Originally published September 25th, 2013
With Halloween around the corner it’s time to start dusting off those Halloween DVDs to scare you and your friends. Warner Archive gets into the spirit with their release of the 1971 cult classic, Let’s Scare Jessica to Death. The mix of psychological thriller and supernatural horror works, especially as the terror intensifies and adds up equally in favor of insanity or truth. The main hurdle is getting past the slow pacing and incredibly dated 1970s aesthetic (this is a movie worthy of a remake). Fans of the movie back in ’71 will be happy to get a chance to own this with an impressive transfer, but it might have a harder time finding new fans.
After spending time in a mental hospital, Jessica (Zohra Lampert) and her husband Duncan (Barton Heyman) go to a secluded Connecticut farmhouse to start over. Upon arrival the couple learns that a mysterious woman named Emily (Mariclare Costello) has been squatting in the house, and, deciding to be charitable, invite her to live with them. However, as Emily becomes chummier with Duncan, Jessica is unsure whether Emily is really evil, or if the psychosis that landed her in the hospital has come back to torment her.

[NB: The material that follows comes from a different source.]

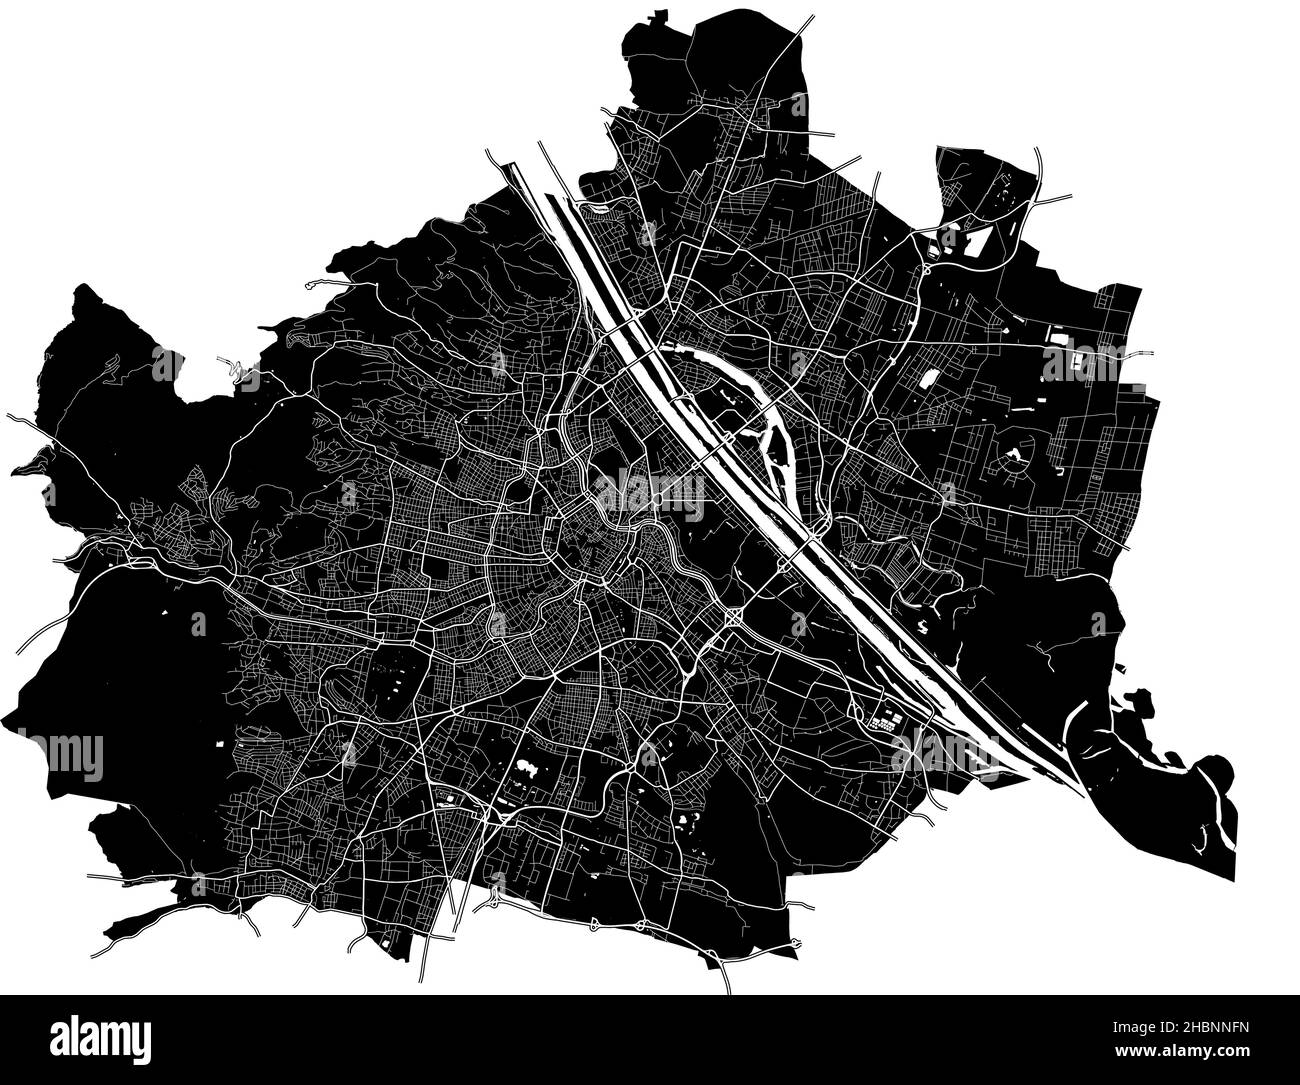 Vienna, Austria, high resolution vector map with city boundaries, and editable paths. The city map was drawn with white areas and lines for main roads Stock Vector
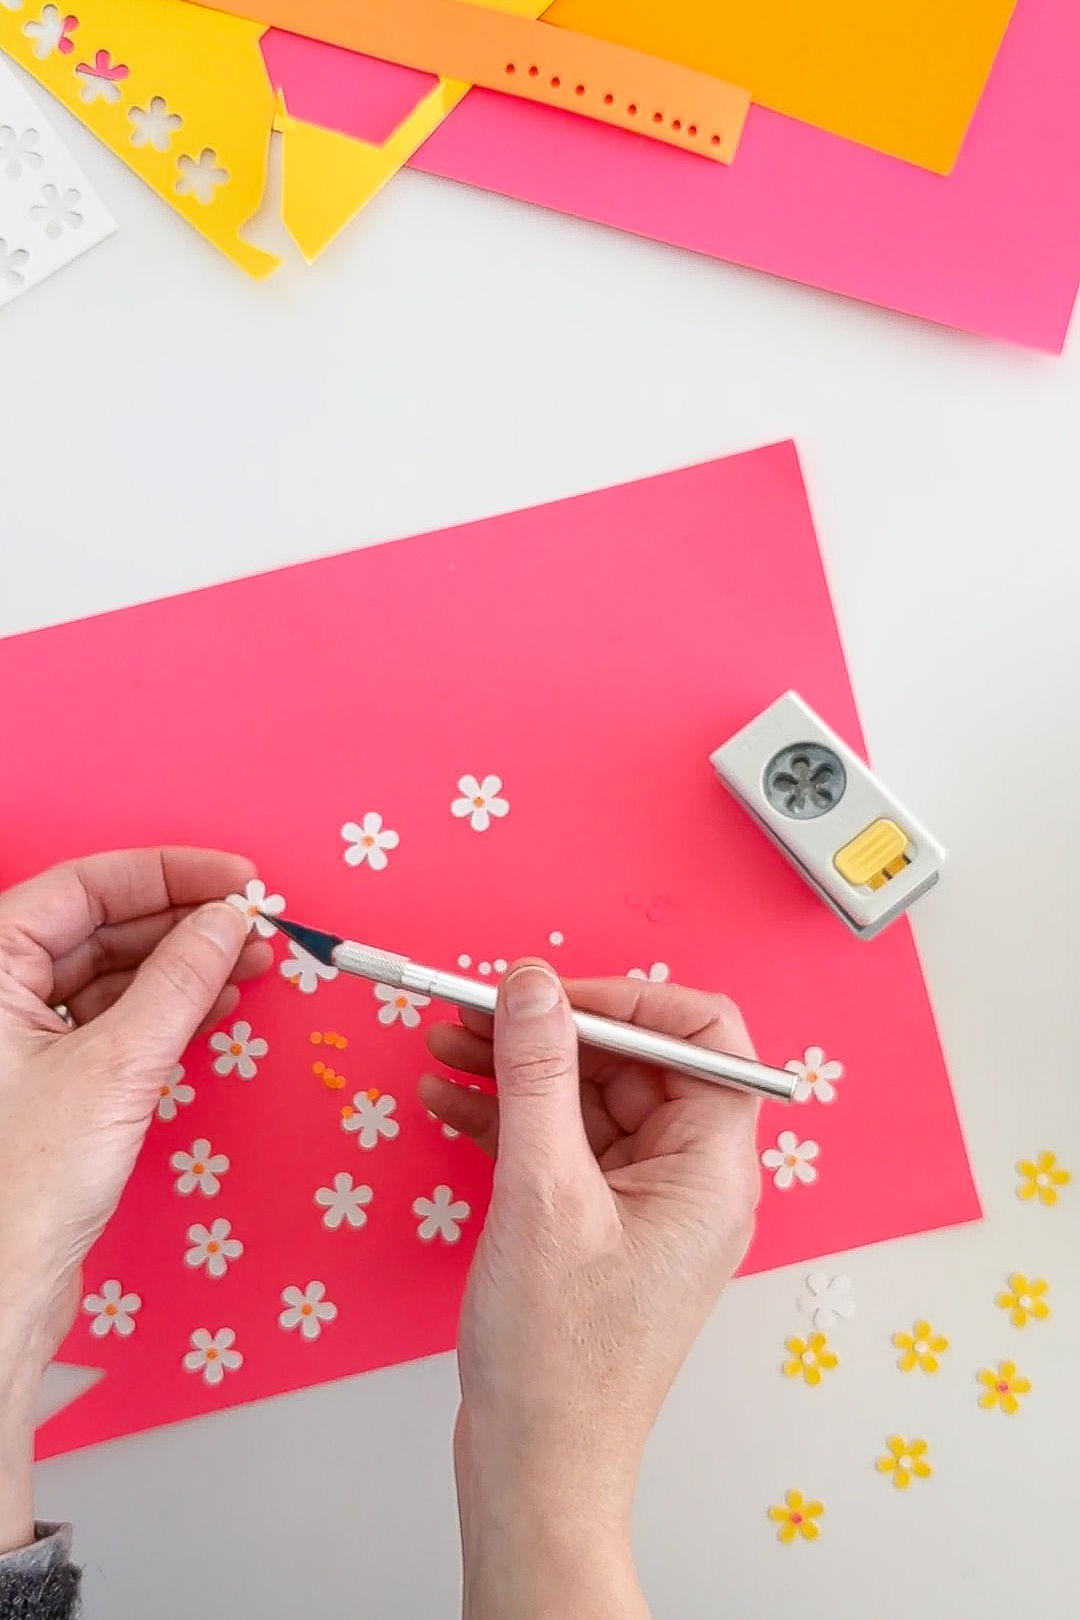 Gluing centers into the middle of paper flowers

The crux of Let’s Scare Jessica to Death is finding out the scare: Is Emily a vampire, or is Jessica’s own mind corroding and turning against her. The scariest films, to me, are ones where the horror lies within your body’s ability to turn on you, and while that’s not developed nearly as well as it should be, it is evident within the framework of the narrative. The movie takes a slow pace to introduce the characters and the situation, which is sorely missing in horror films of today. Jessica’s breakdown is never specified which works to prevent eye-rolling melodrama. Her relationship with her husband seems tenuous, if only because Lampert and Heyman have little chemistry, but it adds to the tone that whatever compelled Jessica to lose her mind has had a lasting effect on her relationships. Emily’s introduction is where the movie turns into a psychological horror piece loaded with women’s issues that are both dated, and intriguing to see laid out within the horror genre.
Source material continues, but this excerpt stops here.